The exporter-heavy German DAX index jumped 2.0% as a survey showed factories in Europe’s largest economy saw record growth in new orders in October, with numbers improving in other euro zone economies as well.
Similar sets of data from China and the United States also pointed to a strong rebound in manufacturing activity, boosting cyclical sectors such as oil & gas, banks and insurers and chemical companies in Europe.
Wall Street stocks also gained momentum as investors prepared for the U.S. election, with Democratic challenger Joe Biden leading over Republican President Donald Trump in national opinion polls, but the race looks close in battleground states.
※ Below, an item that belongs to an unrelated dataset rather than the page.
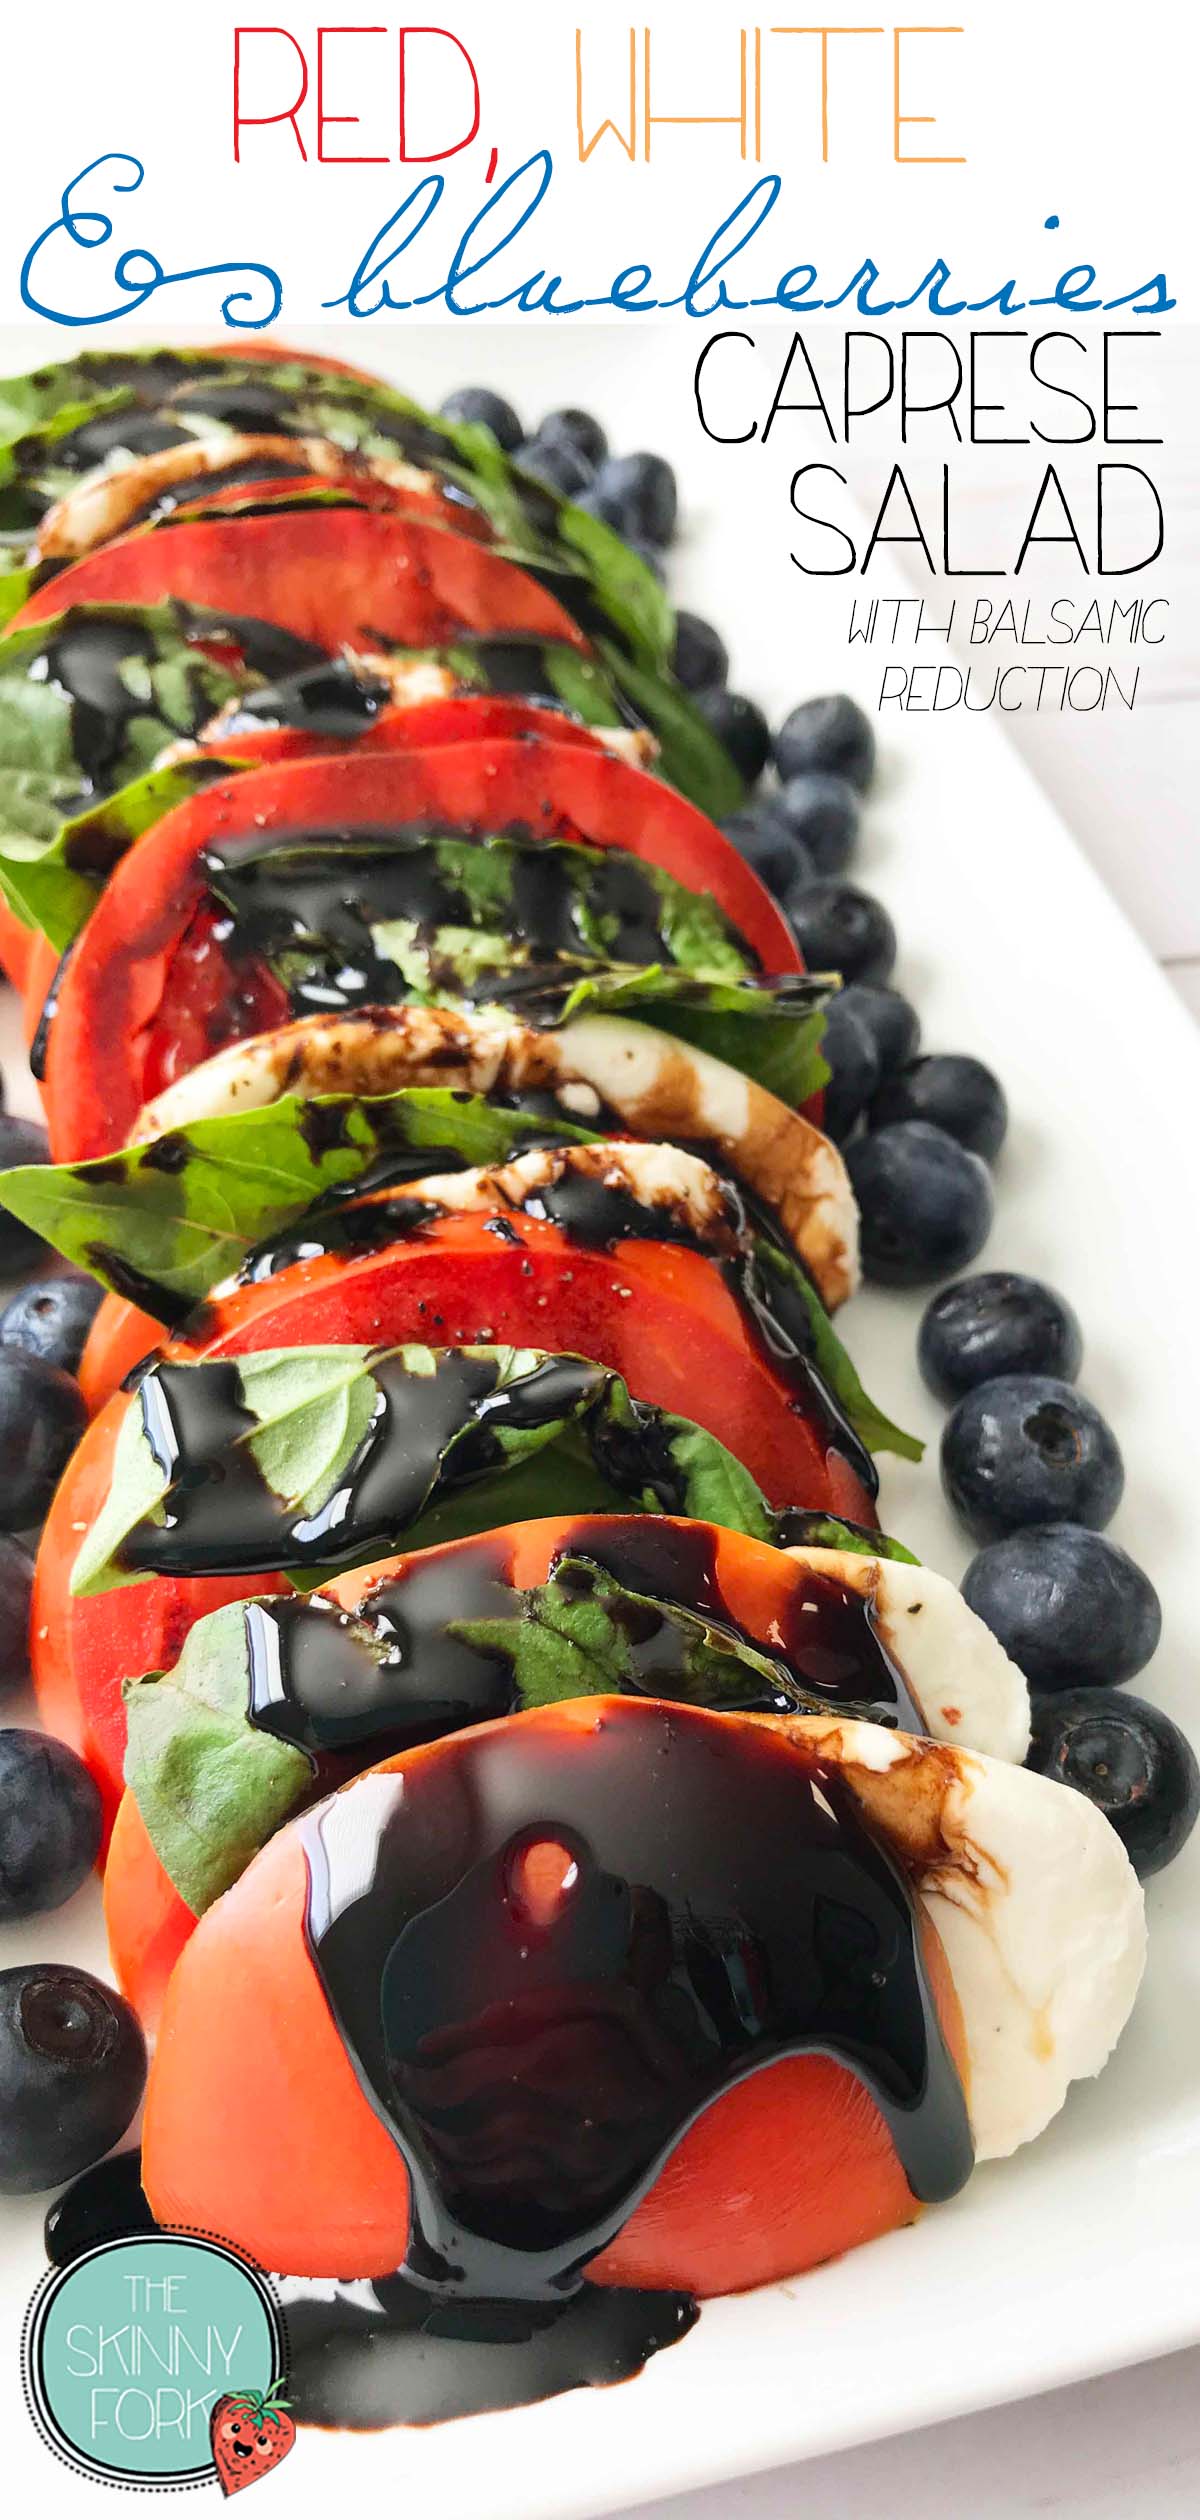 Red, White & Blueberries Caprese (With Balsamic Reduction)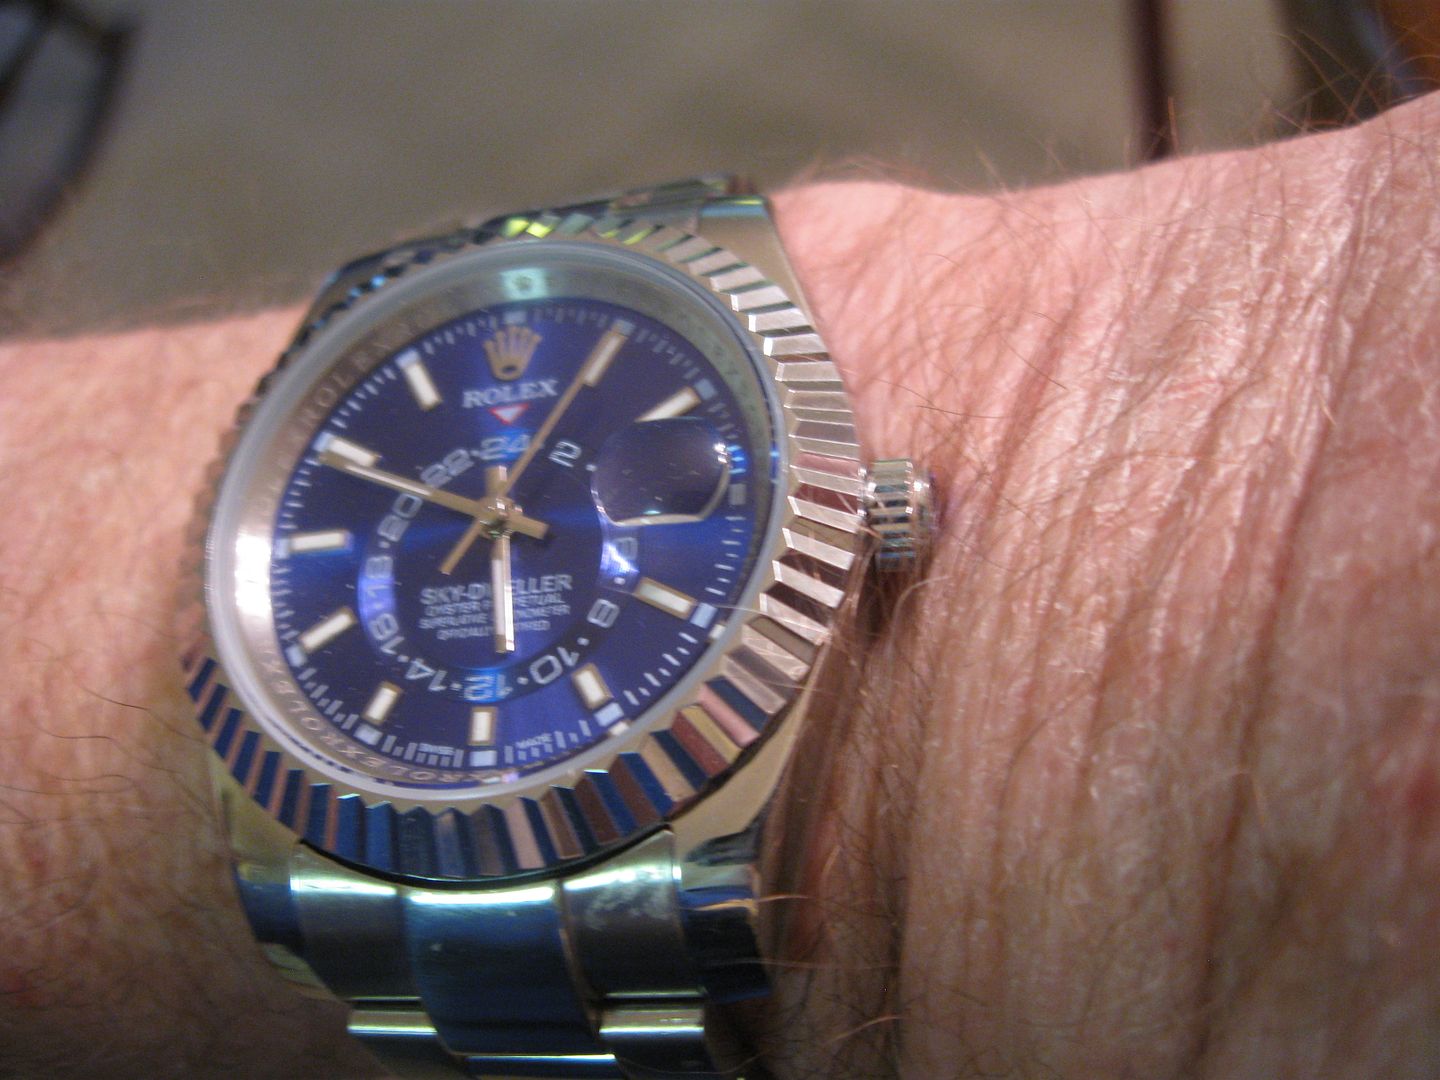 ROLEXES-%205513%20ND%20&%20CHEAP.SKYDWEL

“Compared to the status quo if Trump were to secure a second term, a Biden win and Democratic sweep could be perceived as more beneficial to Europe,” Barclays’ European equity strategist Emmanuel Cau said in a note.
“This is due to possibly reduced trade uncertainty, stronger ties with the U.S. and greater stimulus lifting the reflation trade.”
Morning trading was hit by a tech glitch, with the pan-European STOXX 600 and STOXX 50 indexes failing to show opening prices due to “input data problems”, index operator Qontigo told its clients.
The indexes were back online an hour after the open, with the STOXX 600 rebounding 1.6% from a five-month low hit last week.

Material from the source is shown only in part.